Why the ‘live fast, die young’ private sector should be more like the public sector
The Financial Times reports a study by PricewaterhouseCoopers that suggests male middle managers spending their working lives in the civil service will take home more money over their life times than similar middle managers in the financial services sector. The conclusion that public sector workers’ wages and pensions should be cut because they are cossetted and too expensive for the economy to support, is utterly wrong.
The study shows that the civil servant gets a lower salary when at work, but doesn’t become unemployed in recessions, spends their 50s in employment rather than redundancy-enforced consultancy, and then gets a better (because final salary) pension.
I’m not sure the same differences would emerge if you looked at the poorest end of the sectors, where public servants DO get laid off in recessions as many are finding this year, or at the top end, where the top earners in the financial services sector receive hugely greater compensation than their public sector equivalents.
But it does show several things that are wrong with the way the private sector works.

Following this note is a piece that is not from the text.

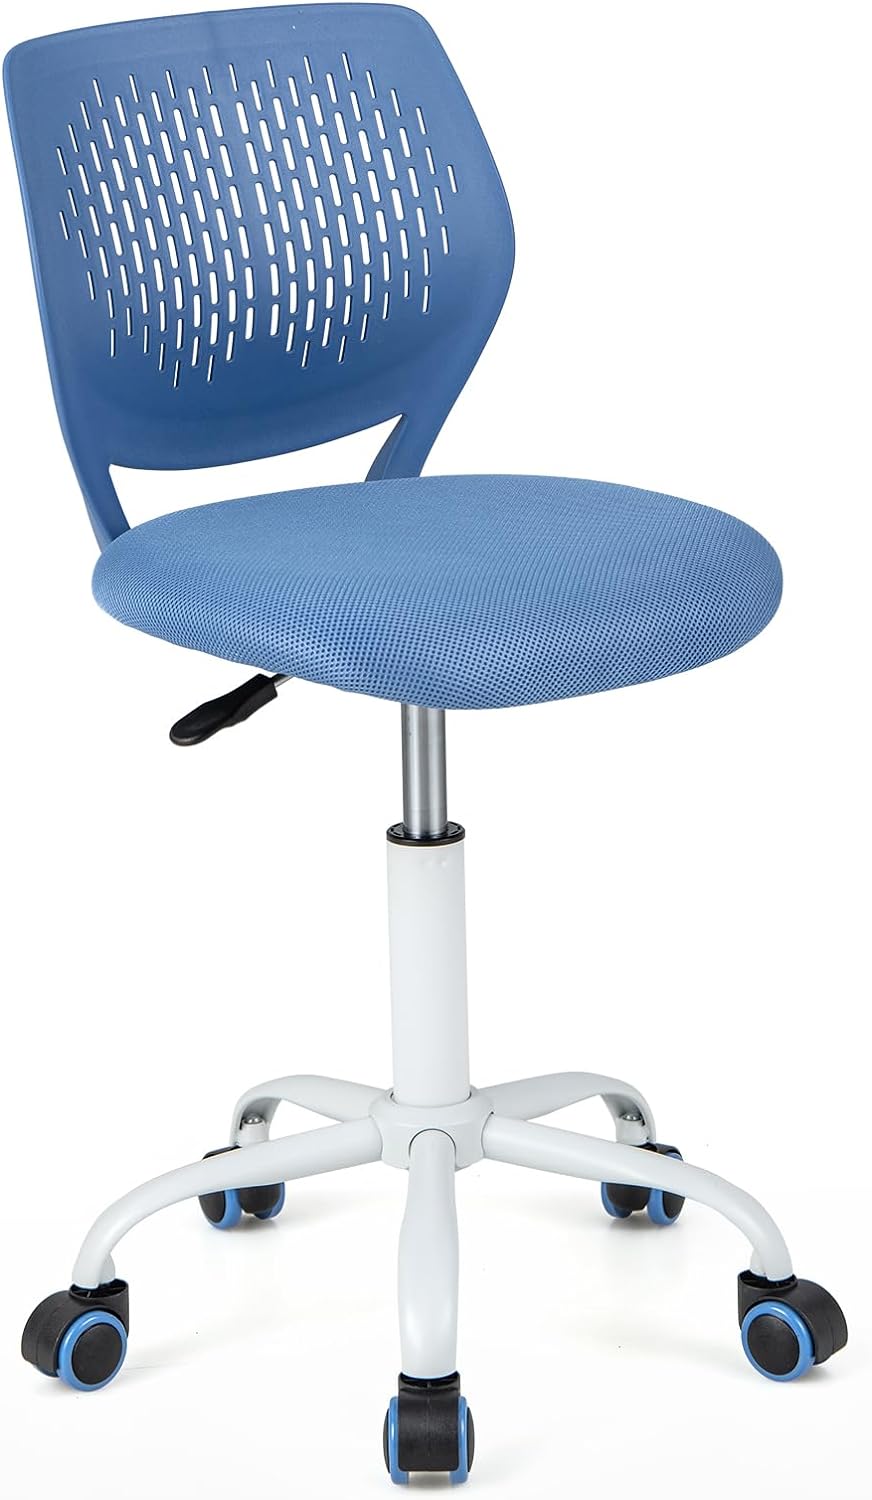 Giantex Kids Desk Chair, Children Armless Study Chair with Adjustable Height, for Girls Boys Teens

First, public sector middle managers are treated considerably better by comparison with their seniors than in the private sector because of a more egalitarian distribution of rewards overall (this benefits the low paid, too). Even when well paid, middle managers in finance suffer from considerably larger differentials than in the civil service.
Second, public sector managers don’t suffer the blatant ageism that exists in the private sector, so don’t suffer the same decline in earnings as they get older (the PwC assumption that an average private sector manager will be forced out in their 50s doesn’t convey a positive image of the financial services sector – and I suspect the picture on this, on wages generally, and on pensions, would be even worse for women in the finance sector).
And third, the private sector’s abandonment of final salary schemes (for everyone below the top earners of course – they still get a huge wedge at the end of their careers, even if they’ve been catastrophically incompetent, as recent payoffs have shown) is a major mistake if you think people need to be encouraged with rewards for good performance, as the private sector is supposed to!
So, overall, the ‘live fast, die young’ approach of the finance sector is not all it’s cracked up to be. Maybe those finance sector middle managers would have been wiser to join a trade union and pursue a collective solution to their terms and conditions rather than assuming (against all the evidence) that their commitment to free market individualism would actually be rewarded.
The worst thing about the FT article, however, was its implication that the best way to make the private and public sectors more like each other is to slash and burn public sector achievements such as modest pay, decent pensions and basic egalitarianism. Why on earth isn’t the paper that is read by so many middle managers in finance arguing for them to have better terms and conditions?